WHAT IS REQUIRED → Copy verbatim the span of lines beginning at the line that contains "Best motorcycle air filter and cleaning kit" and ending with the final line of the data. Exclude pictures from the copy.

EXERCISE DATA →
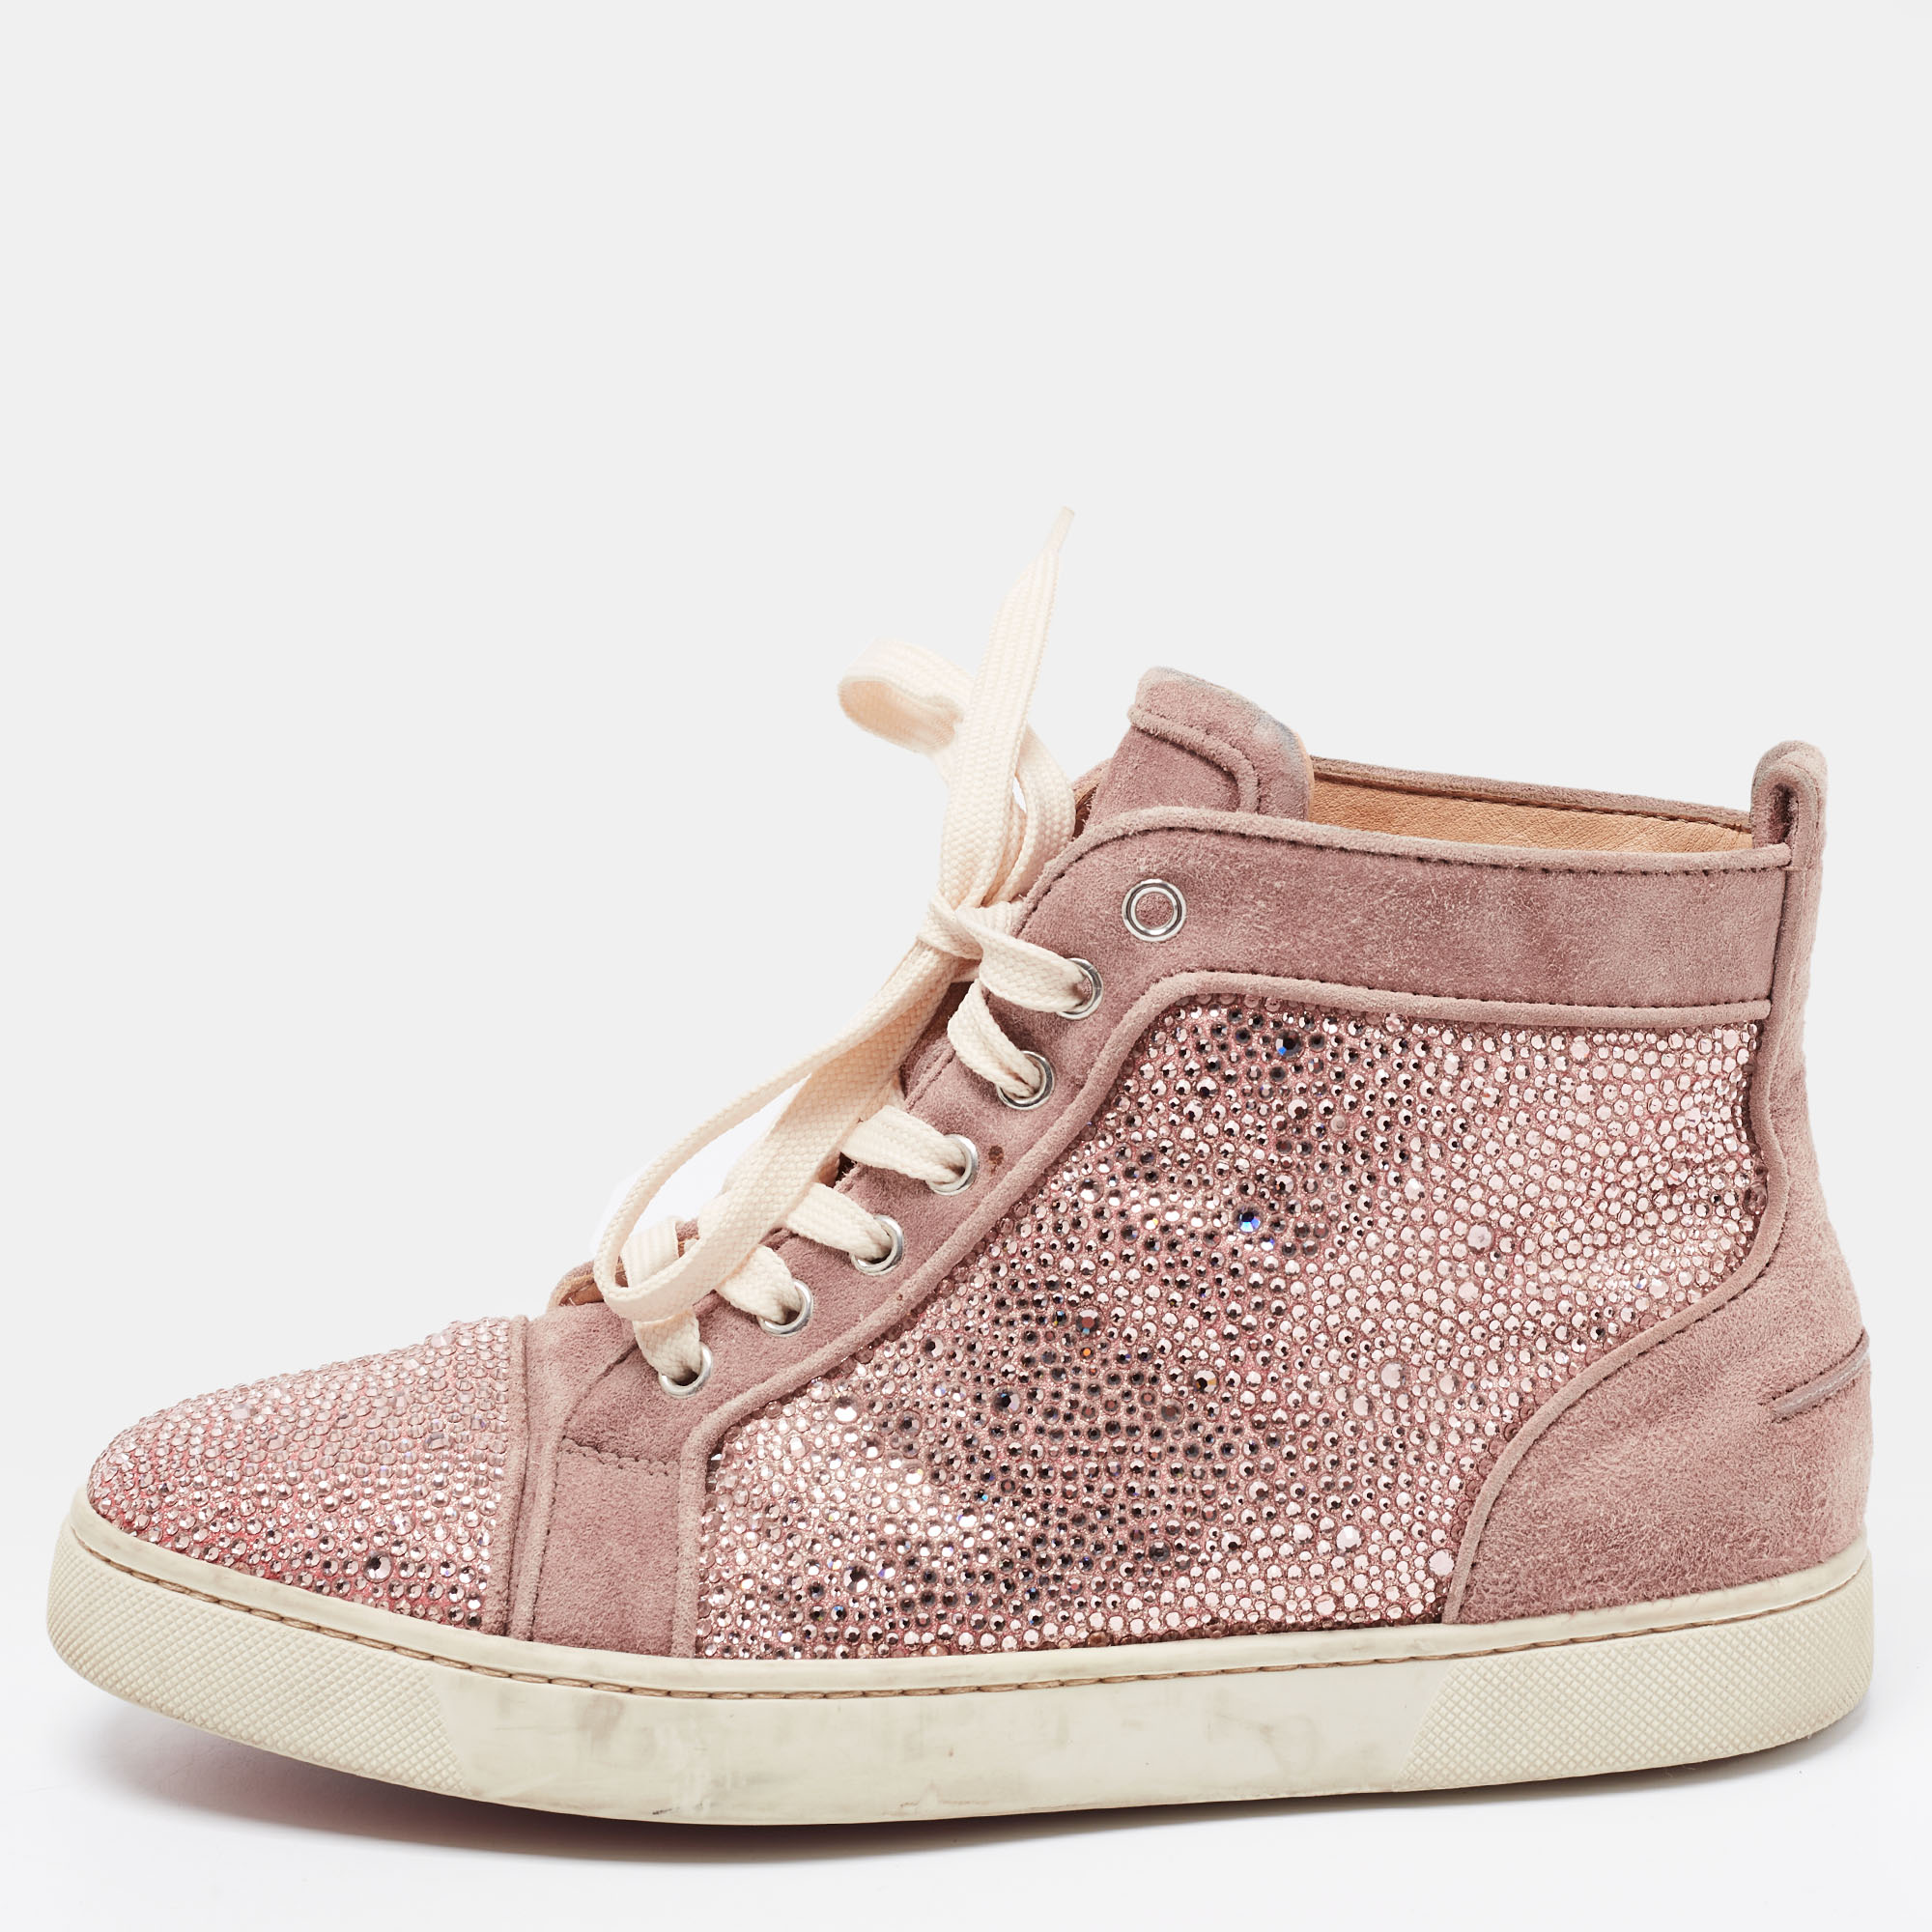 Pre-owned Christian Louboutin Pink Suede Louis Flat Strass High-top Trainers Size 40
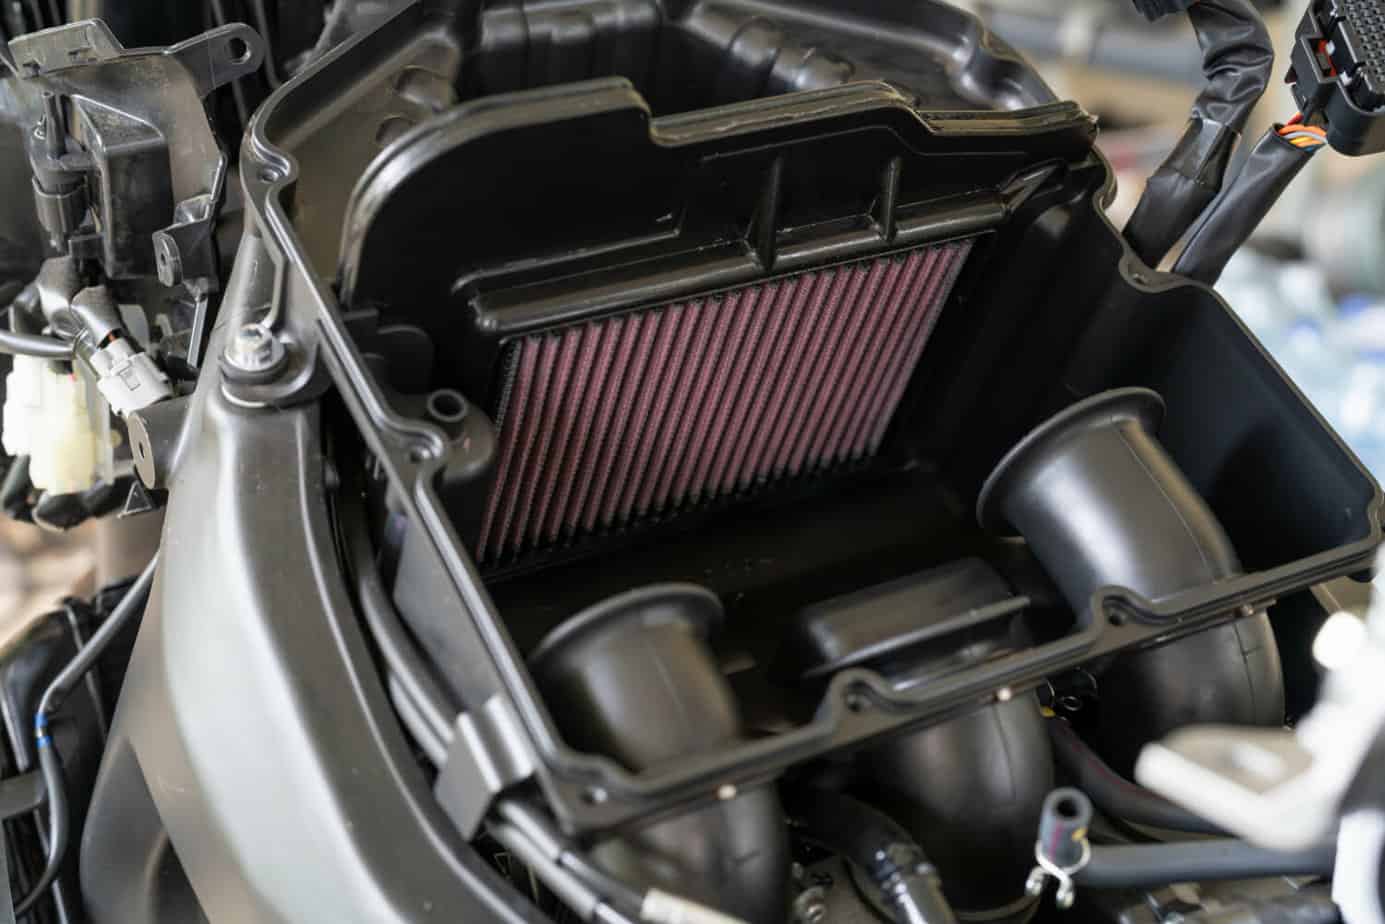 Best motorcycle air filter and cleaning kit
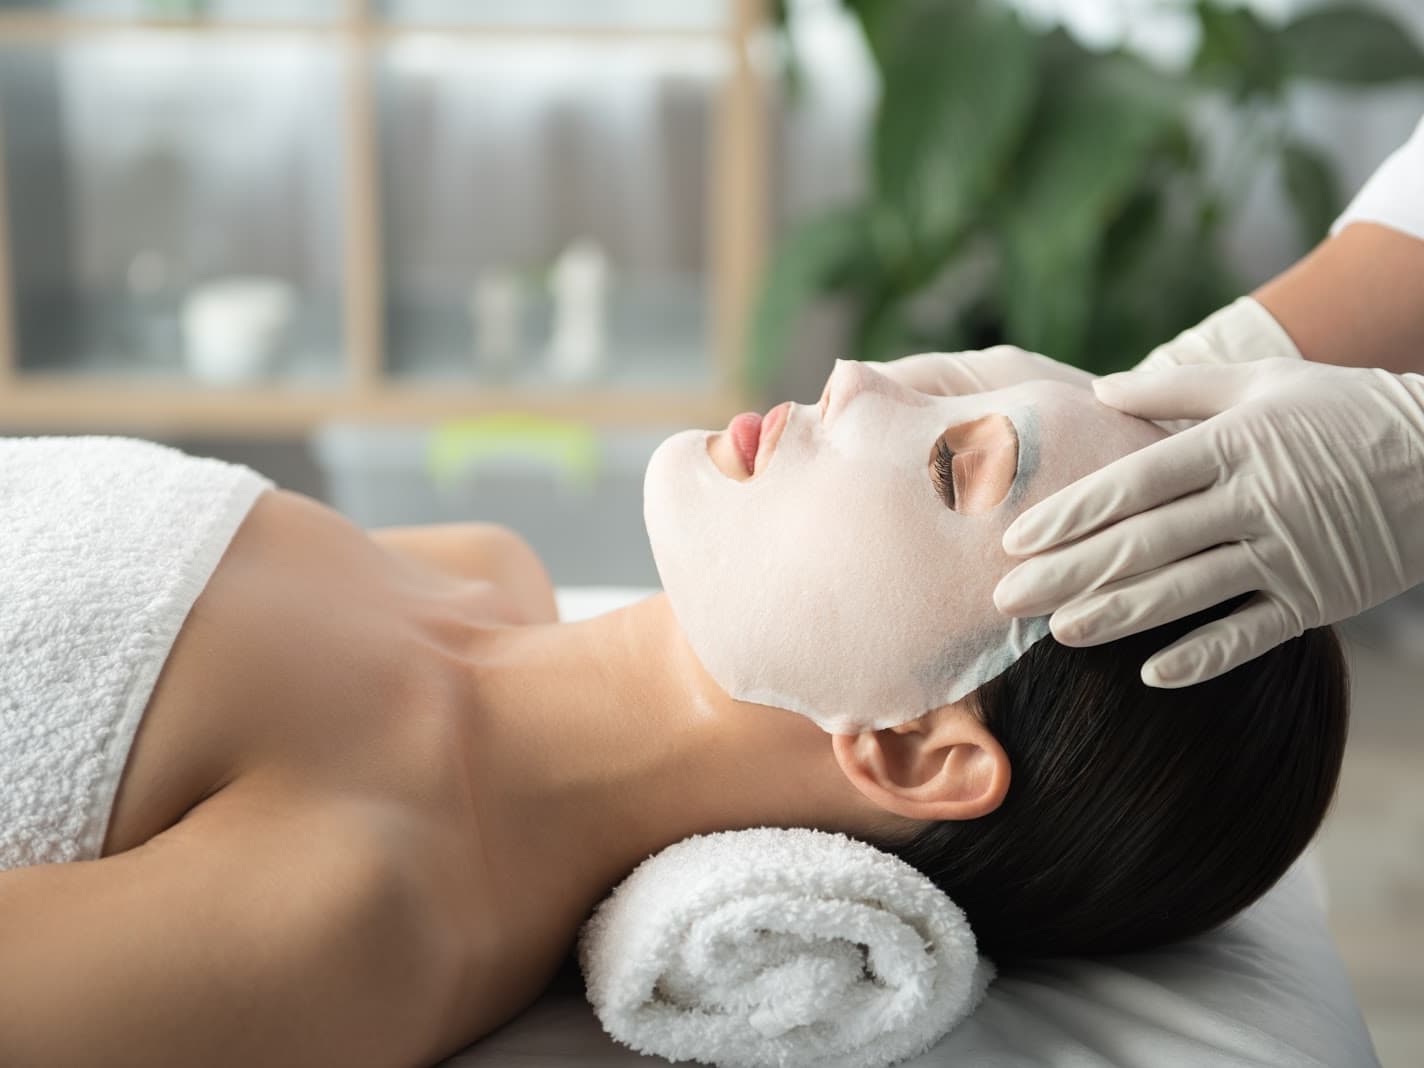 60 Minute Moisturizing Facial at Pink Haven Nail Lounge - Get Deals, Cashback and Rewards with ShopBack GO

OUTPUT FOR THIS EXERCISE →
 Best motorcycle air filter and cleaning kit
 60 Minute Moisturizing Facial at Pink Haven Nail Lounge - Get Deals, Cashback and Rewards with ShopBack GO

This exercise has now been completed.